The targeted audience for this lecture are students at the master level with previous experience in programming. No prior knowledge of python is required, but I’ll assume that you are familiar with a similar language (Matlab, IDL, R…) and basic programming structures (loops, functions, conditional blocks…).

Ideally you will have the programming level of a student having completed my intro to programming class in the BSc. The first few weeks we will be catching up on the materials from the bachelor class, but quickly enough we will move towards more advanced topics.

Organisation of the class#

The class is taught in English. It is okay to ask questions in German as well!

This class follows the flipped classroom model. You will acquire new knowledge at home by reading online materials (and watching videos when appropriate).
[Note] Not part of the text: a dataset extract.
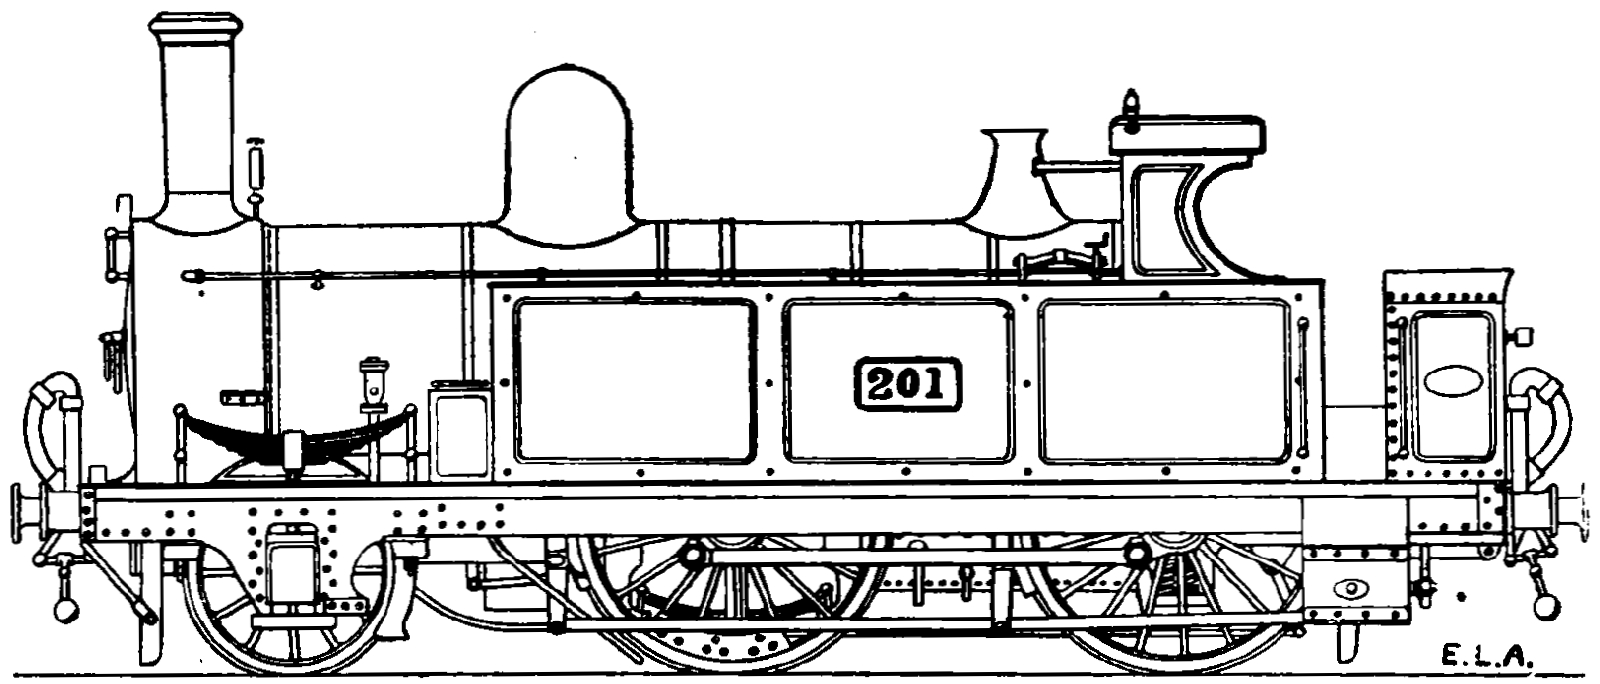 No. 201 after rebuild to a tank locomotive

We will then use the time together in class to discuss the materials and write code.

The semester is 15 weeks long. Each week will always be organised as such:

  • On Fridays, you will receive instructions for the week to come (which materials to read/watch, and one homework assignment). You study them at home during the week.

  • On Mondays (11:00-11:54), we meet to discuss the assignment solutions from the previous week (assignments are mandatory but not graded, see “Grading” below)

  • On Tuesdays (10:15-11:45), we meet in class. We will start the hour with a short, individual online assessment, for you to check if you understood the new materials correctly. Based on your own assessment, you pick the topics and questions you would like to discuss in class. We work on the assignments together.

  • On Fridays: start again!

During the semester, you can work either on your own computer (laptop) or on the working stations in the computer room.

Important

The class grants you 5 ECTS if successfully passed: in theory, this represents 8 to 10 hours work per week (not including holidays). For this course, it means that you will spend at least twice as much time doing homework than sitting in class.

I strongly recommend to work regularly for the class. Programming is quite different to other disciplines, and “doing nothing for a few months” cannot be replaced by a “no-sleep-48-hours-push” at the end of semester. Programming is a bit like learning how to ski or climb: it is best learned by doing, and you will notice that regular practice will make you better each week.

Learning checklist#

At the end of each lesson, there is a “learning checklist”: go over it at the end of the lecture and see i you can check all the boxes. It’s a good way for you to check if you are ready to go on, or if you still need to go back to some reading and learning!

Grading#

Combined: mid-term exam (20%), end-term exam (50%), participation to practicals (0%), programming project (30%). A positive evaluation of the sum of both exams, the practicals and the project is necessary to pass the class.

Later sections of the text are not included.